I’m trying to add more sentences to the language model. and to do this, i downloaded a wiki dump, preprocessed and cleaned it to be one sentence per line and also removed all sentences with numbers.

I am doing this as i find myself with a larger error for WER than CER in evaluation.

Here are some details;
DeepSpeech 0.7.4
Ubuntu 20.04
Python 3.7
tensorflow 1.15

Below is what i used to create binaries which were successfully created.
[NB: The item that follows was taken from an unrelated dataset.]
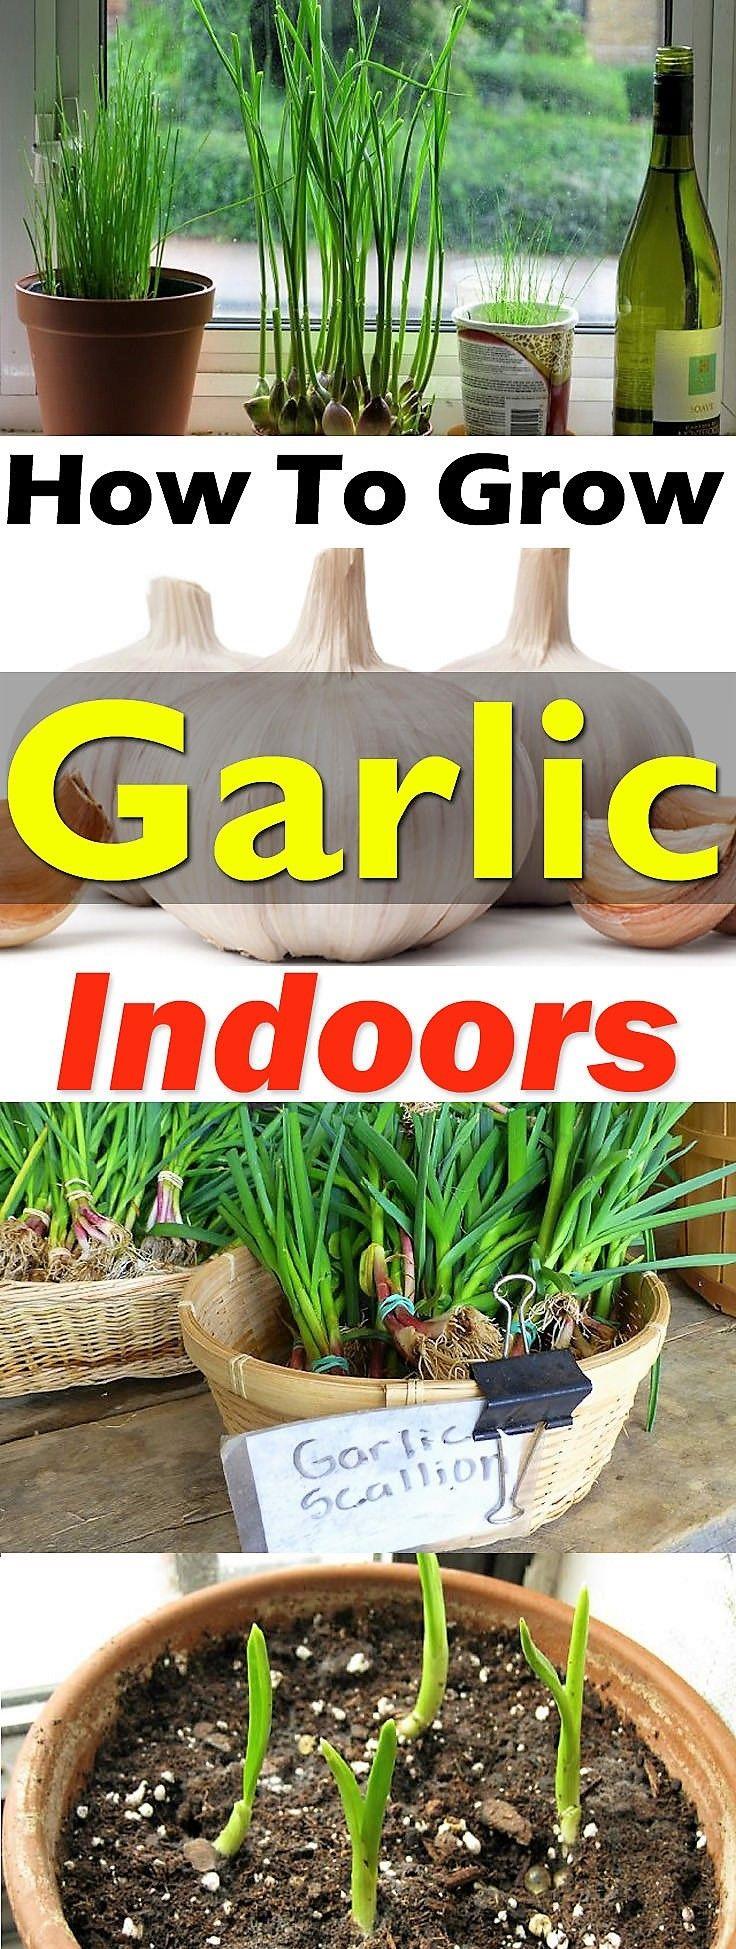 how to grow garlic indoors growing garlic indoors diy gardening ideas pinterest garten. Black Bedroom Furniture Sets. Home Design Ideas

python3 generate_lm.py --input_txt /media/kamla/data/Voice_dataset/language_model_stuff/corpus/librispeech.txt --output_dir /media/kamla/847636CE7636C0AA/Users/offic/Documents/Kenlm --top_k 50000 --kenlm_bins /media/kamla/data/Voice_dataset/language_model_stuff/kenlm/build/bin --arpa_order 5 --max_arpa_memory "85%" --arpa_prune "0|0|1" --binary_a_bits 255 --binary_q_bits 8 --binary_type trie

Now when i try to use generate_package.py like below;
python3 generate_package.py --alphabet ../alphabet.txt --lm lm.binary --vocab vocab-50000.txt --package kenlm.scorer --default_alpha 0.931289039105002 --default_beta 1.1834137581510284

i get the following error;

    50000 unique words read from vocabulary file.
Doesn't look like a character based model.
Using detected UTF-8 mode: False
Traceback (most recent call last):
  File "generate_package.py", line 157, in <module>
  File "generate_package.py", line 152, in main
  File "generate_package.py", line 48, in create_bundle
    alphabet = NativeAlphabet()
TypeError: __init__() missing 1 required positional argument: 'config_path'

Please use 0.9.3, 0.7.4 is old and not supported anymore.

Dear lissyx,

Thank you for the timely response.

Shall try what you suggest and update.

Hello,what is librispeech.txt, Is it the same for all languages? Thank you so much

I came across the same issue
had to downgrade ds-ctcdecoder
pip install ds-ctcdecoder==0.7.0